In the four years we’ve worked on delivering a transformative product, the closest we came was Bluemix. But despite its initial promise as a platform to rival Amazon Web Services (AWS), it’s quite clear that it has succumbed to the IBM business model: satisfying our largest customers, but not delighting buyers who’ve never bought from IBM before. Despite all the wonderful UI work poured into Bluemix, AWS is still a more delightful user experience. And Amazon is pulling further ahead with each new release of AWS services.
And it’s not just Bluemix that has come up short. I’ve gotten to know our portfolios pretty well, first as part of IBM Design and currently as part of the Global Offering Management Transformation team. Across the board, our offerings are still primarily focused on our highest-end customers, who have the most demanding criteria, and require the most complex features and functions.

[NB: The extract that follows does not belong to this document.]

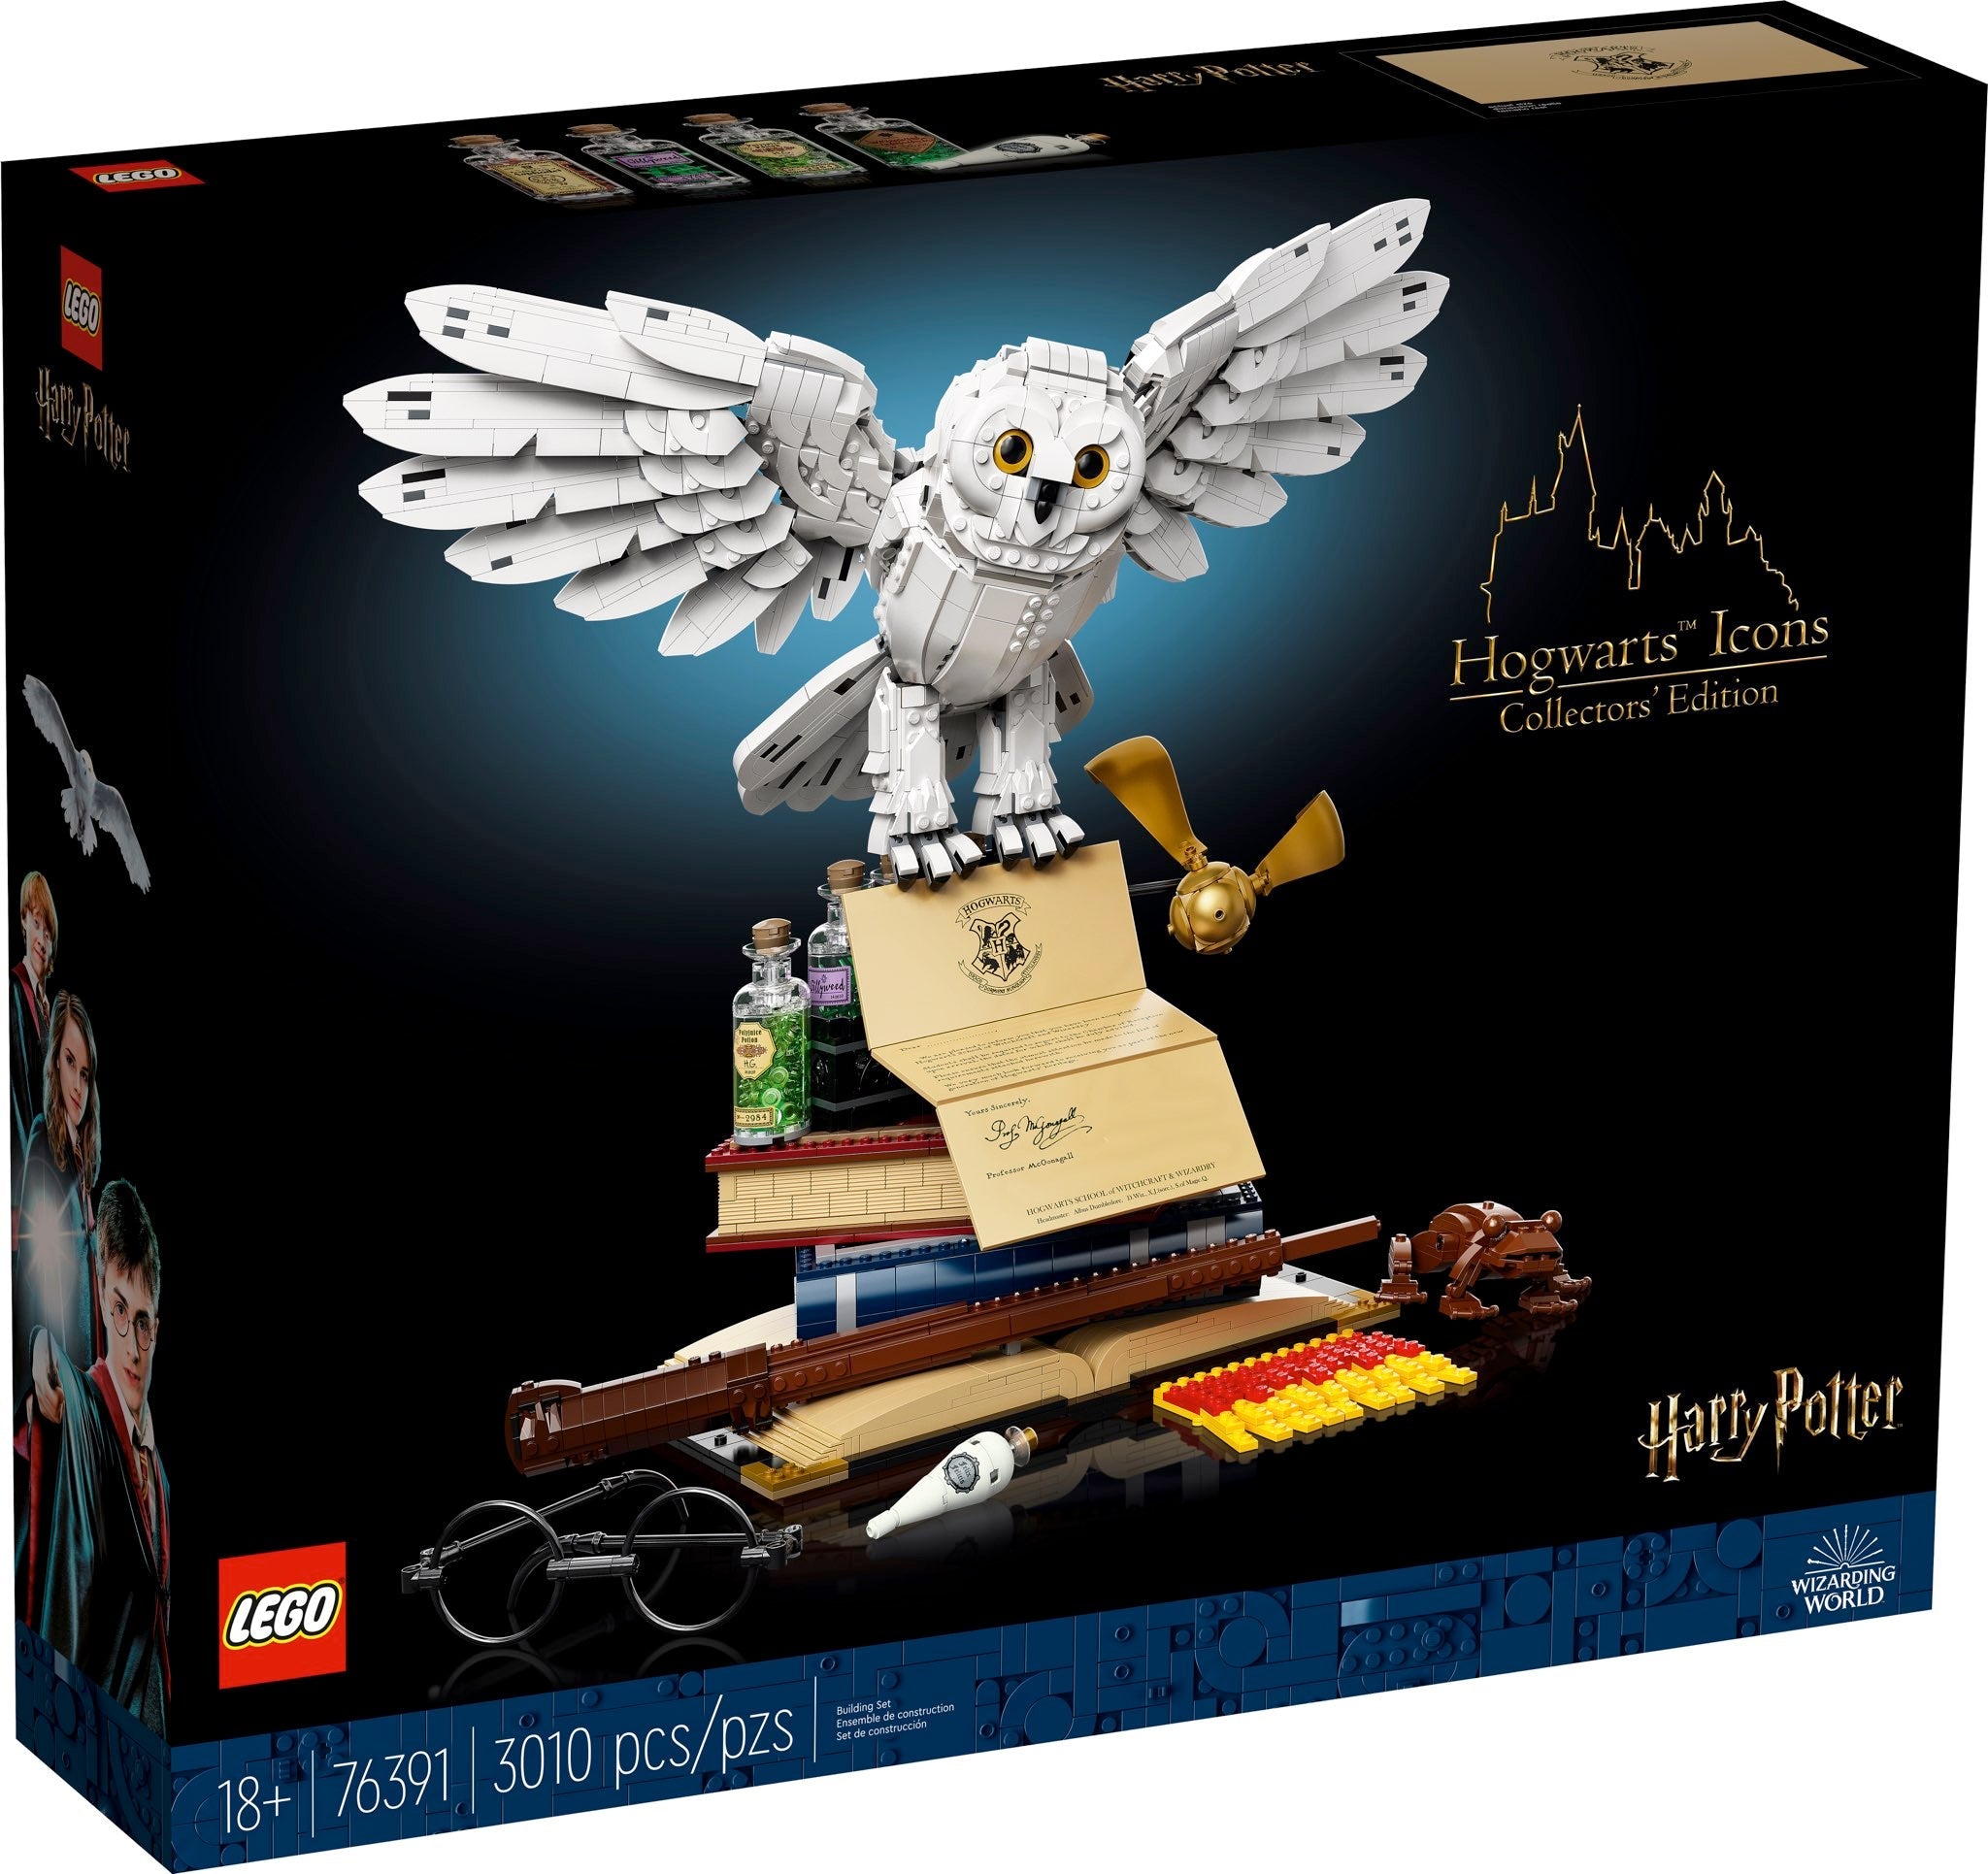 LEGO Harry Potter Hogwarts Ikonen, Sammler Edition (76391) - im GOLDSTIEN.SHOP verfügbar mit Gratisversand ab Schweizer Lager! (5702016913415)
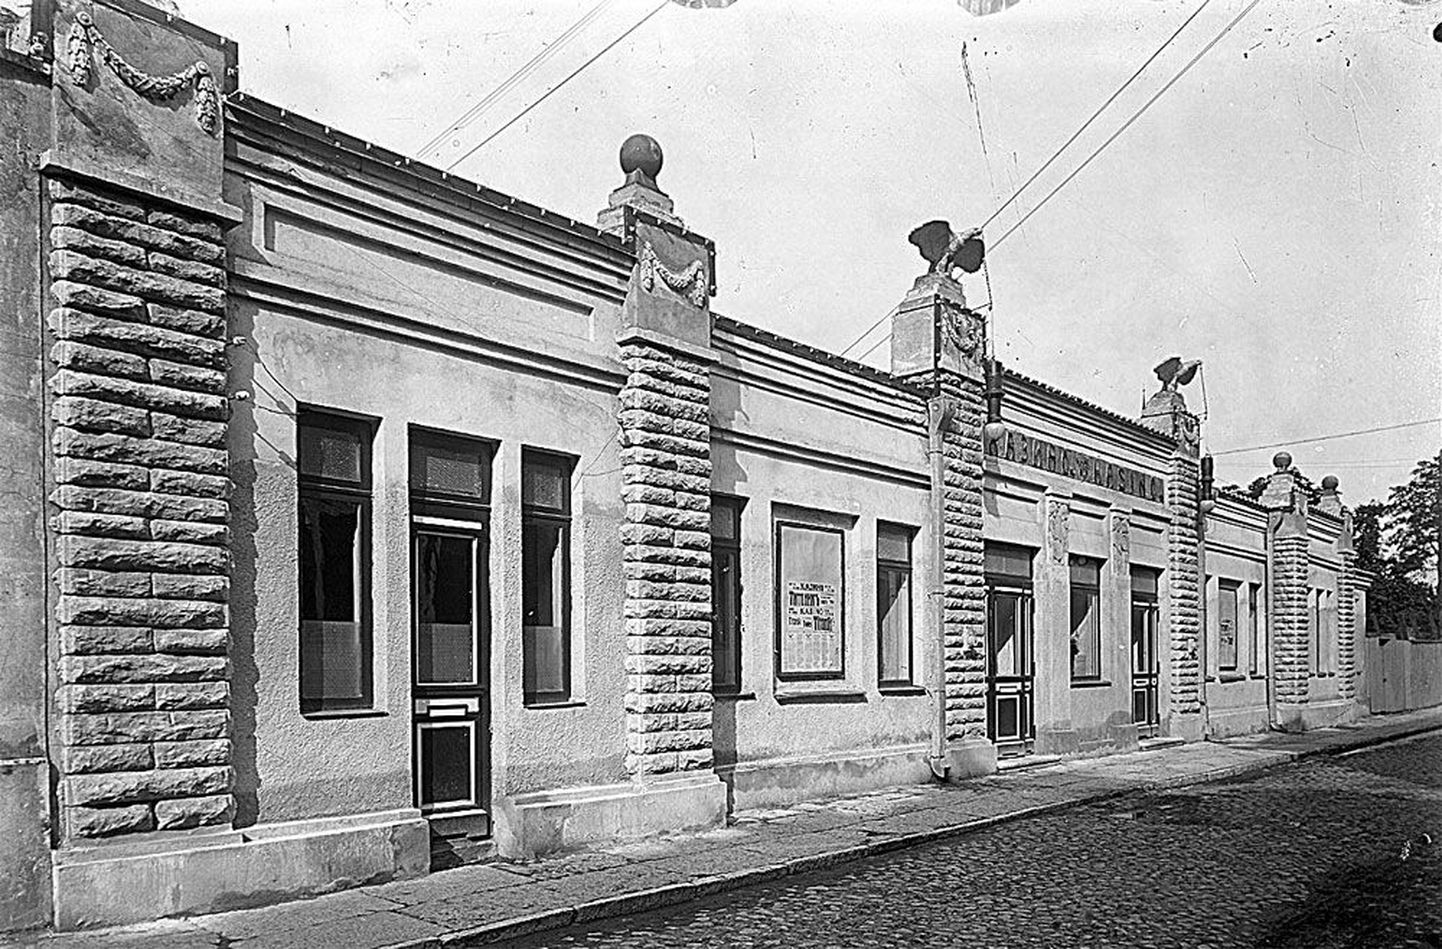 Esimesi esinduskinosid oli Tallinna Kasino, mis valmis 1911 ja asus Aia tänaval. 1930ndatel ehitati see ümber saunaks-basseiniks. Nüüd asub samas WW Passaaž ning peagi Prisma. Pildistatud 1910ndatel.

When I look around at the number of cupcakes introduced by competitors in recent years (Slack, Zoom, Tableau, Splunk, Mailchimp, ServiceNow, Cloudflare, Google Apps), I think to myself each time: “IBM could have easily produced such an offering if we’d succeeded in our transformation.” In my four years as an IBMer, we have failed to deliver a cupcake that has wowed the market. We haven’t even come close. This leads me to the disappointing conclusion that we probably never will.
I could stay at IBM, collect a paycheck, and watch IBM follow the path of other large IT vendors like CA, Sun, HP, and Oracle, as they slowly fade into irrelevance. But even if I kept my badge and my paycheck, I would no longer be an IBMer. Because our ultimate purpose, as IBMers, is to be essential.
I wouldn’t be essential by just keeping the ball rolling. Creating some incremental improvement isn’t being essential, at least not for me. I became an IBMer to be essential in helping other IBMers learn how to make delightful cupcakes, not somewhat more edible wedding cakes.
Consider this resignation letter free advice from an seasoned IT analyst who IBM used to listen to for constructive criticism. Perhaps it’s not too late. If enough IBMers speak up and say our transformation is failing, that we are not successful enough in winning new SMB users who have barely heard of IBM, then maybe you and the other IBM senior executives will redouble your efforts to truly complete the transformation. Nothing would make me prouder than to see IBM wow the market with a truly delightful cupcake that becomes a broad market leader in the cloud.
Until then, my deepest thanks to you for your tremendous efforts to transform IBM, and to my fellow IBMers for all they have shared with me. I am proud to have been an IBMer. I will always be grateful for the amazing experience of being an IBMer during such a transformative time.